Dataset of Disinformation on X in Japan

Citation Author(s):: Shuhei Ippa (Institute of Information Security)

Takao Okubo (Institute of Information Security)

Masaki Hashimoto (Kagawa University)
Submitted by:: Masaki Hashimoto
Last updated:: Fri, 12/27/2024 - 06:19
DOI:: 10.21227/5sqm-m222
Data Format:: *.avi; *.csv; *.txt; *.zip

96 views

Categories:

Security

Keywords:

Disinformation

ACCESS DATASET CITE

Abstract

This study analyzes and characterizes the relationship between human emotions and other elements (social bots and echo chambers), which are major factors in the spread of information, including disinformation and misinformation. The data set consists of a CSV file of posts that match the target word and period, and a database of the accounts that made the posts.

The following is a overall description of the objects and what the audience can expect to gain by downloading them.

・Post.csv: Post data on the word "PASCO crickets" from February 26, 2023 to March 23, 2023

・Account.db: Accounts that have posted (including reposts) or have been reposted in the case of the PASCO case

The total size of all objects is as follows.

・Post.csv (about 63.4MB)

・Account.db (about 34.6MB)

Instructions:

1) IPPA_Tweet_Collection

- Collects the target posts (including reposts) and saves them as a CSV file. An X API account is required. Enter the following command to start the script.

python IPPA_Tweet_Collection.py KeyWord 2024-01-01-2024-12-31

2) IPPA_Account_Registration

- To calculate the bot score using Botometer, register your account in the DB first. Enter the following command to start the script.

python Account_Registration.py KeyWord

3) IPPA_Botometer

- Calculate the bot score using Botometer and update the DB. Start the script by entering the following command. To use Botometer, you need a Rapid API account. To start this script, you need to save the Rapid API account you created as an ini file. Enter the following command to start the script.

python IPPA_Botometer.py

4) IPPA_Integration

- The bot score is obtained from the DB and added to the CSV file that contains the collected posts. Enter the following command to start the script.

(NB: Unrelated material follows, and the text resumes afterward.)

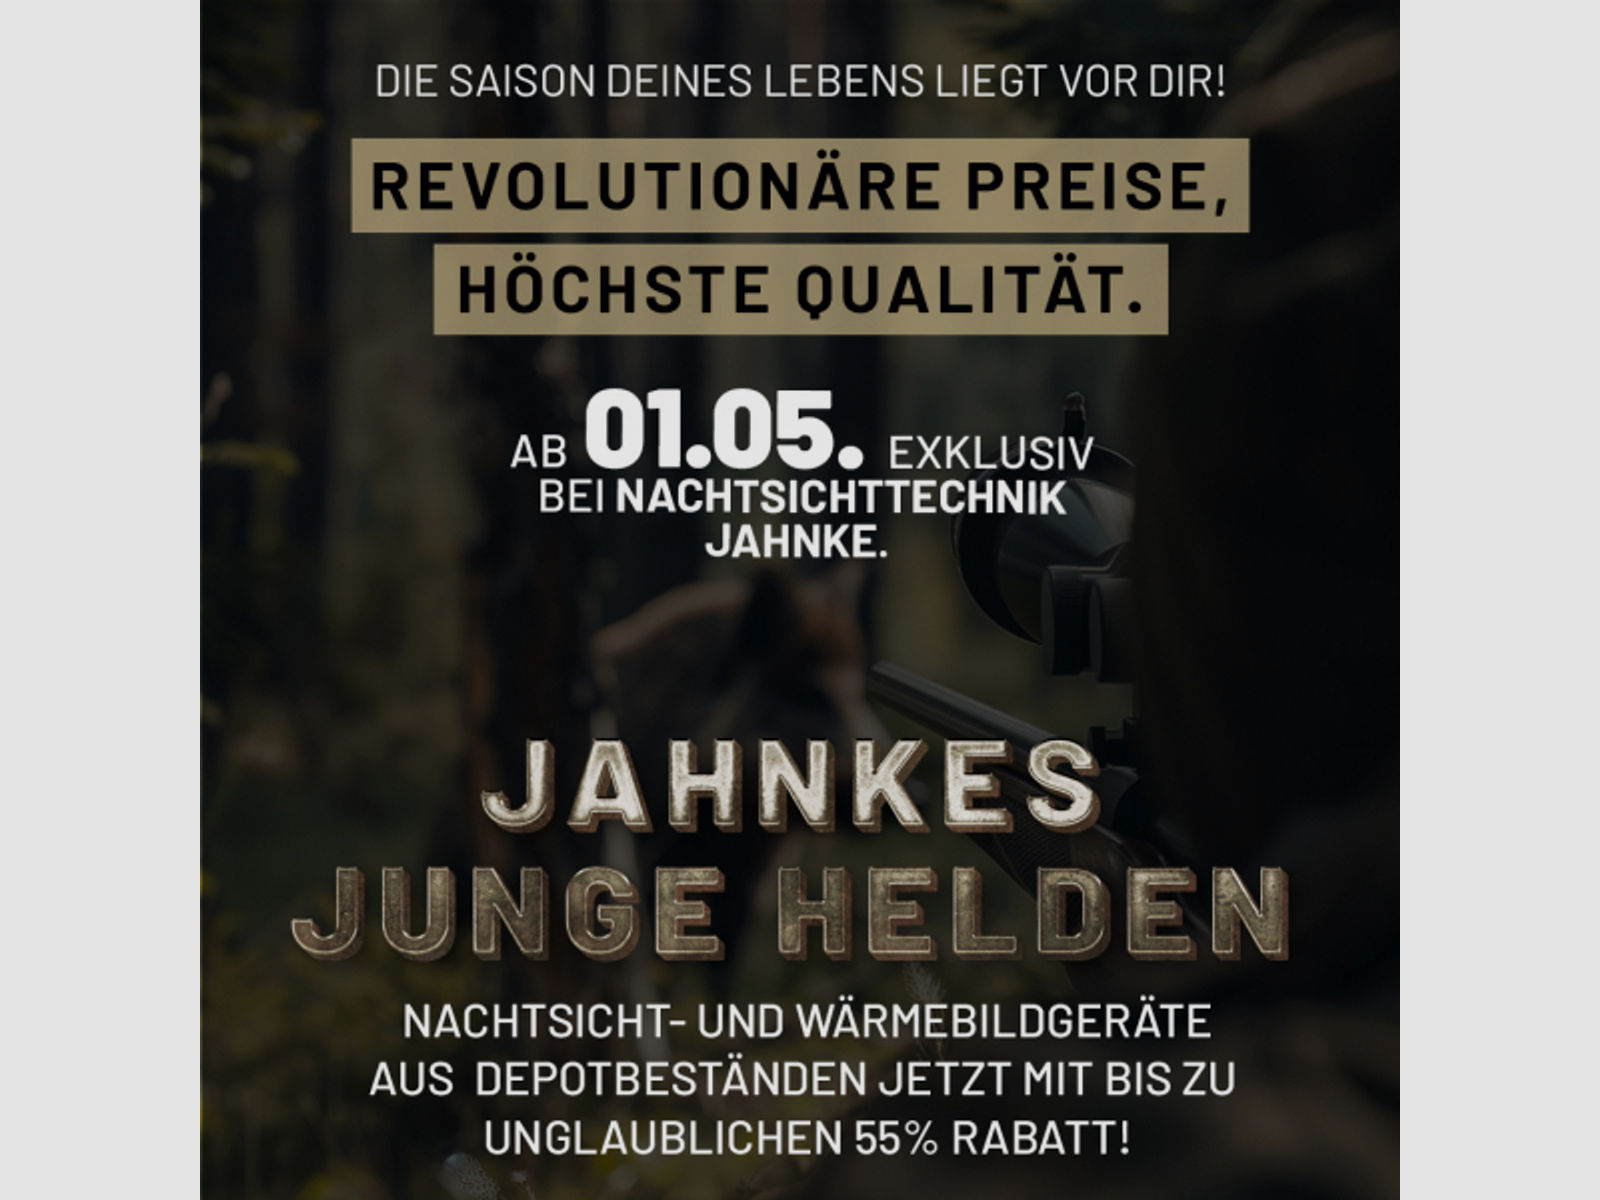 Nachtsichttechnik Jahnke DJ-8 5x58 JJH LK 3 S 2, Jahnke Monochrom (Grau)
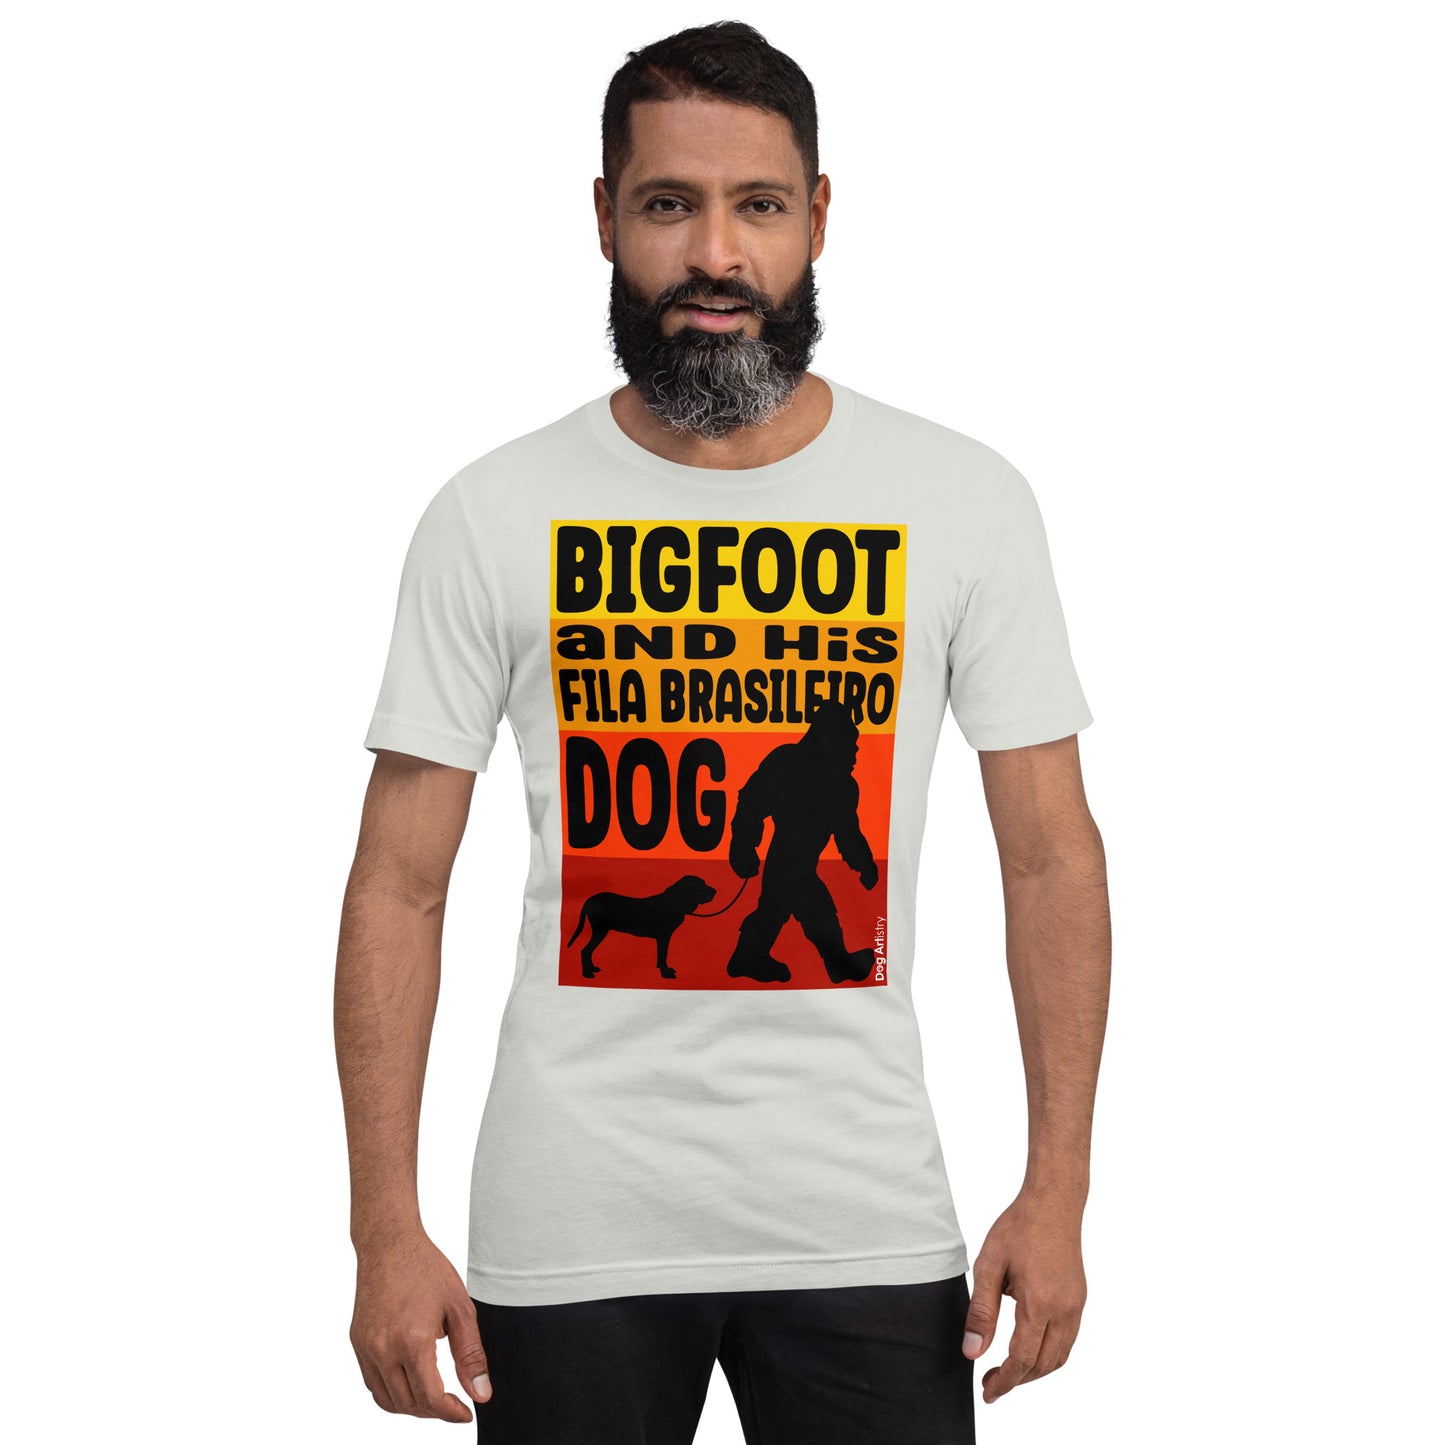 Bigfoot and his Fila Brasileiro unisex silver t-shirt by Dog Artistry.

python IPPA_Integration.py KeyWord

5) IPPA_BERT

- The Emotional Score is added to the CSV file that contains the collected posts. Enter the following command to start the script.

python IPPA_BERT.py

6) IPPA_K_Core

- Extract reposts from the csv file that contains the collected posts and perform k-core decomposition. Enter the following command to start the script.

python IPPA_K_Core.py

7) IPPA_Main

- Start files 8) to 15) all at once. Enter the following command to start the script.

python IPPA_Main.py

8) IPPA_Analysis_Cluster

- Create a csv file of reposts for each community.

9) IPPA_Analysis_DateTime

- Create a CSV file showing the number of reposts for the whole and each community, repost relationships (human, social bot), the formation of echo chambers, and the transition of Emotional Scores.

10) IPPA_Visualization_ClusterPercentage

- Visualize the percentage of reposts for each community as a pie chart.

11) IPPA_Visualization_ClusterRelationship

- Visualize the repost relationships for each community as a heat map.

12) IPPA_Visualization_ClusterSentimental

- Visualize the Emotional Scores for each community as a box plot.

13) IPPA_Visualization_DateTime

- Visualize the number of reposts and repost relationships (human, social bot) for the whole and each community, the formation of echo chambers, and the transition of Emotional Scores. Test the relationship between social bots, echo chambers, and Emotional Scores using time-series cross-correlation.

14) IPPA_Visualization

- Perform common processing for each visualization.

15) IPPA_Common

- Perform common processing required for creating CSV files and visualizations.